SDN: What it Means, Max Hype Level Achieved and Code Words

The SDN washing is reaching new heights.  Apparently, I missed the memo that all companies were doing SDN two years ago.  The WSJ published a piece on SDN.  With all the SDN washing and the WSJ article, I think we might have hit the peak (i.e. inflated expectations) of the Gartner hype cycle for SDN.  As another example, here is an email that is representitive of about five emails I have received over the past month requesting the same.  The ironic aspect of this email is readers of my blog know that I have been posting the answers to these questions for over year.

——————–

Hi William,
I work at XXXX with XXXX, I think we may have actually met [in the past]. I came across Plexxi in my readings on SDNs. I am trying to work the implications across the value chain of SDN, for instance where will it be adopted, what does it do to traditional networking world, what are the implications for chipsets, modules etc.   Was keen to hear your views on it and get more familiar with Plexxi; any way we can try a call soon? Thanks.

Regards,

———————–

My view of SDN is different than most.  That was the subject of my post prior to Structure.  When I look at how SDN is defined today, I call it the neoclassical definition or view of SDN.  Neoclassical SDN is concerned with the separation of control plane and the data path and how there can be APIs that allow a central controller to inject forwarding decisions.  I think there is a little if any chance of mainstream adoption for neoclassical SDN.  What will happen is new networks will be built and they will be built using some aspects of neoclassical SDN, but components of the solution and the application of these components will be different than what is generally available at present.  My definition of SDN is:

  • Computation and algorithms, in a word math. That is what SDN is.
  • Derive network topology and orchestration from the application and/or the tenant.  This is how SDN is different from switched networks.
  • Ensure application/tenant performance and reliability goals are accomplished.  This is part of the value proposition.
  • Make Network Orchestration concurrent with application deployment. This is what SDN is for.
  • A properly designed controller architecture has the scope, the perspective and the resources to efficiently compute and fit application instantences and tenants onto the network. This is how SDN will work.
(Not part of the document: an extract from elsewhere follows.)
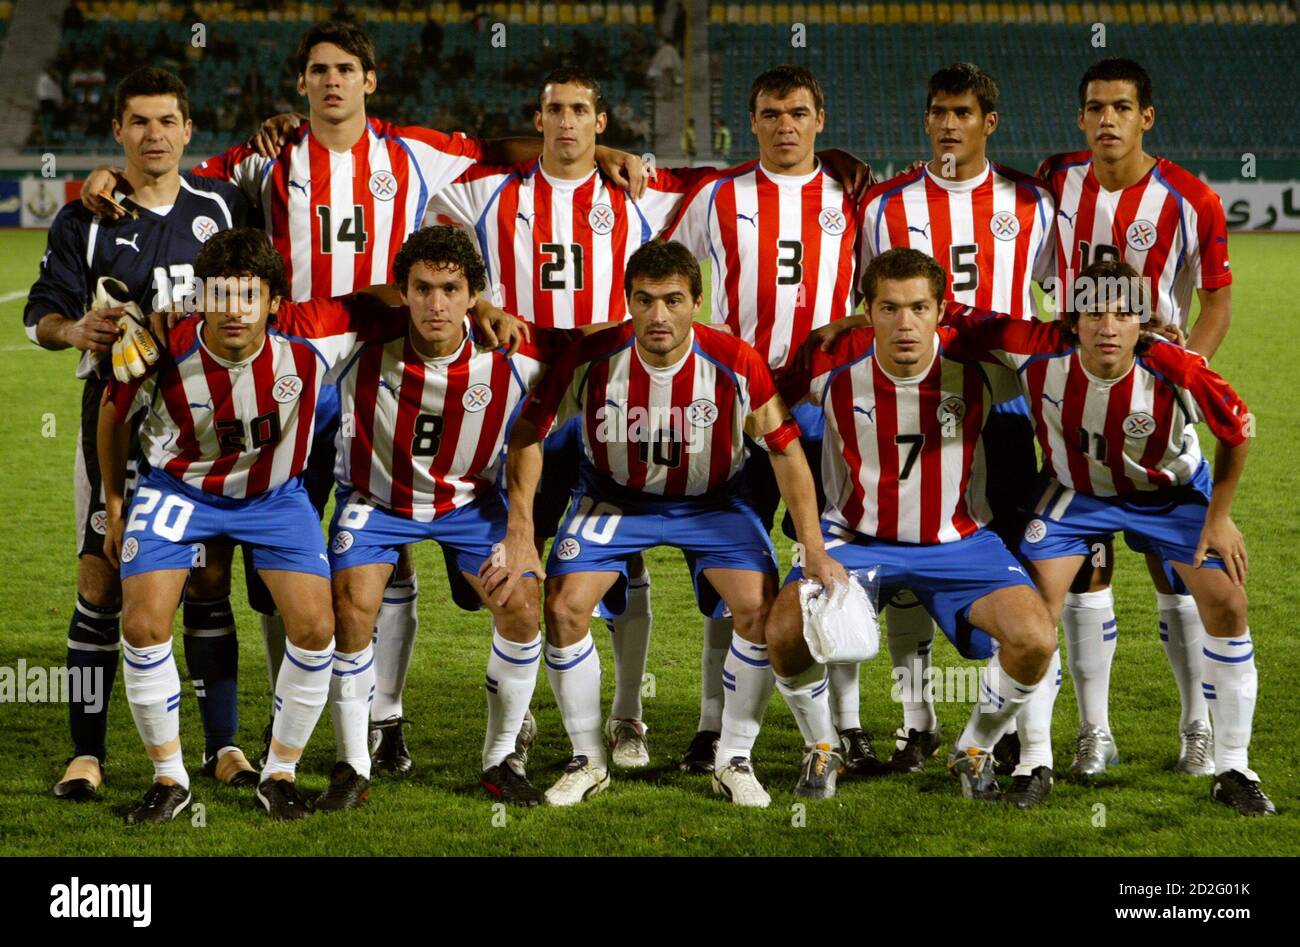 Paraguay Fussball Nationalmannschaft vor einem internationalen  Freundschaftsspiel in Teheran 13. November 2005. Vordere Reihe, L, R sind:  Santiago Selcedo, Cristian Riveros, Roberto Acuna, Dante Lopez, José  Montiel. Hintere Reihe, L, R sind:

All of the SDN articles and emails coming out the research world are really code words for an soft economy.  Business is soft, so let’s blame and hype SDN.  Much the recent SDN talk is really dancing around the underlying point of SDN.  SDN is not about network programability.  SDN is not about APIs.  SDN is not really about retrofitting legacy networking equipment with APIs and replicating old technologies in new wrappers.  The problem that has been growing over the past 18 years (note this is the era of switched networks) is the problem of IT OPEX.  There is no Moore’s Law for OPEX in world of IT.  Companies have dealt with it through several strategies with one of those strategies being outsourcing.  The thinking here was that companies could cap or at least predict their IT OPEX by outsourcing networks over to firms who would manage their network as well as others; thus allowing the outsourcing firms to get to scale.  The companies outsourcing get a fixed operating cost line, reduce headcount and create a lean organization.  Good in theory, but the result has not been as expected – it has been disappointing.  This is clearly my view that is only validated by my in person observations of the market.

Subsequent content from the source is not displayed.